Sur l’impact de la réforme du droit des obligations en droit de la construction (partie 1)

Publié le 26 février 2019 à 8h00    Mis à jour le 26 mars 2019 à 9h10

Daria BELOVETSKAYA

Dans le cadre de la modernisation du droit des obligations, l’ordonnance du 10 février 2016 pour les nouveaux contrats, sauf application immédiate de certaines dispositions, est entrée en vigueur au 1octobre 2016. Nous étudions ici les éventuels impacts de cette réforme sur le droit de la construction. Dans cette première partie, nous traitons de la formation du contrat. Les deux suivantes sont consacrées à la et à .

Daria BELOVETSKAYA
AVOCATE AUX BARREAUX DE PARIS ET DE SAINT-PETERSBOURG (Russie), associée fondatrice de l'AARPI Leca & Belovetskaya

Application des nouvelles dispositions dans le temps

Avant la réforme en France, la modernisation du droit des obligations a eu lieu principalement par voie prétorienne.

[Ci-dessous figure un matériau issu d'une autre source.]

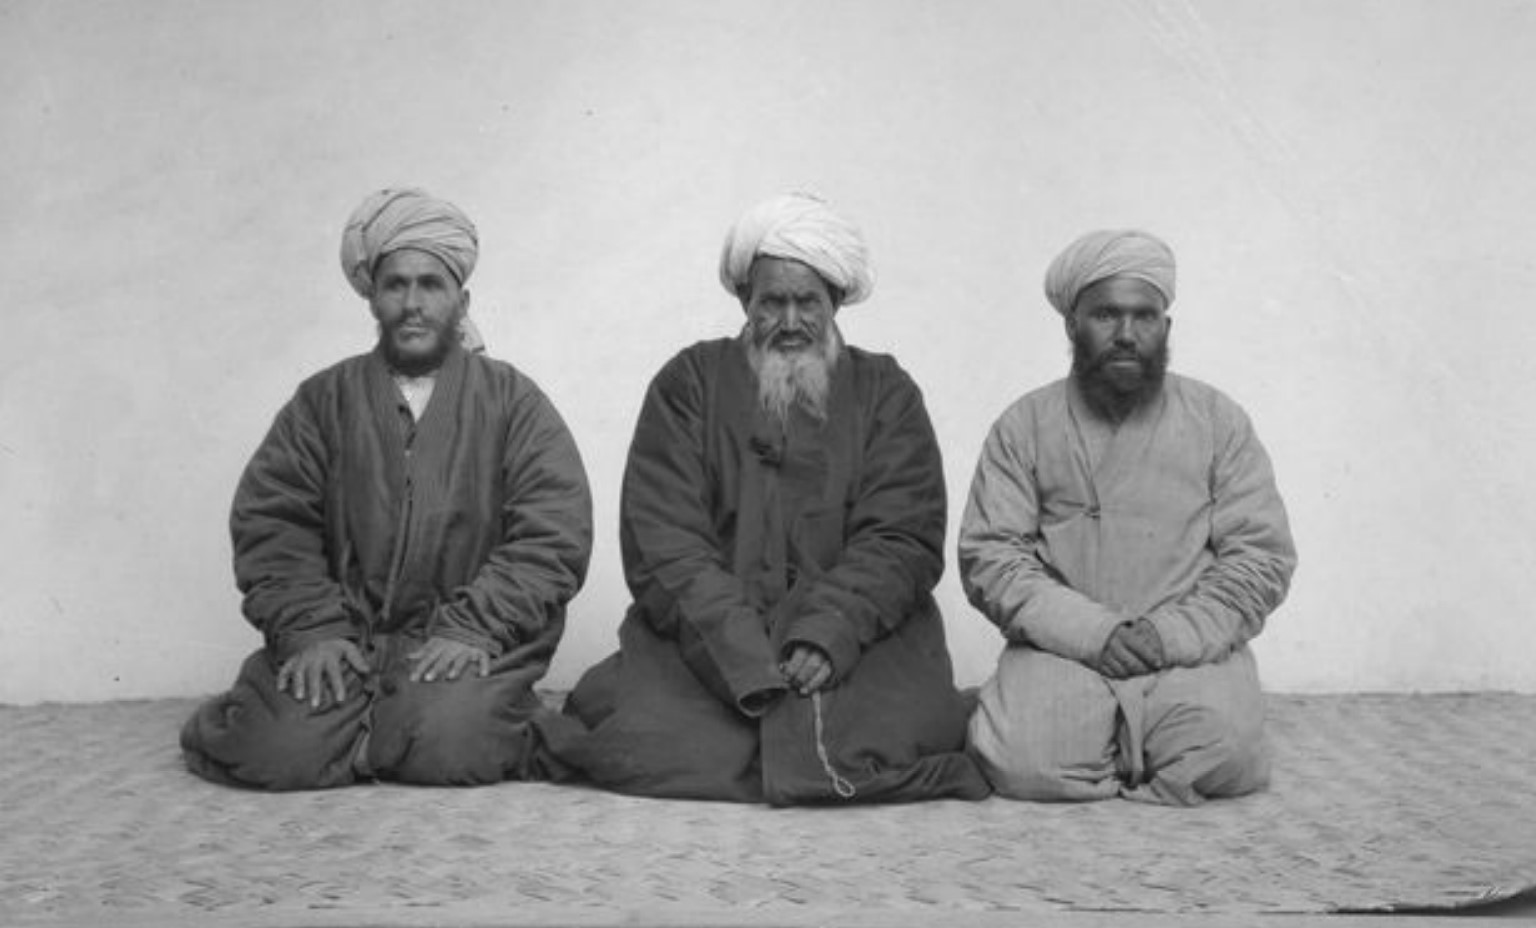 Абдул Карим Ахундзаде, Абдулла-джан (индийский аксакал) и Махмуд-джан (Афганский лавочник)

Cela a abouti progressivement à une perte de clarté et de visibilité du droit des obligations français pour les acteurs économiques et donc à l’affaiblissement de la sécurité juridique.

C’est la raison pour laquelle à la suite de différentes études et de plusieurs avants projets (1), dans le cadre de la loi d’habilitation du 16  février 2015 relative à la modernisation et à la simplification du droit et des procédures dans les domaines de la justice et des affaires intérieures, a été adoptée l’ordonnance du 10 février 2016 entrée en vigueur au 1er octobre 2016 pour les nouveaux contrats sauf application immédiate de certaines dispositions (2).

Ce texte a fait l'objet de plusieurs modifications par la loi de ratification n° 2018-237, laquelle est entrée en vigueur le 1er octobre 2018. Trois versions du Code civil sont donc désormais susceptibles de s’appliquer. Il convient donc de rester vigilant au regard des dispositions transitoires et de leur application dans le temps. A cet égard, l’article 9 de l’ordonnance du 10 février 2016 prévoit que :

« Les dispositions de la présente ordonnance entreront en vigueur le 1er octobre 2016. Les contrats conclus avant cette date demeurent soumis à la loi ancienne. » La loi de la ratification a complété ce texte en précisant que cette dernière disposition s’applique « y compris pour leurs effets légaux et pour les dispositions d'ordre public ».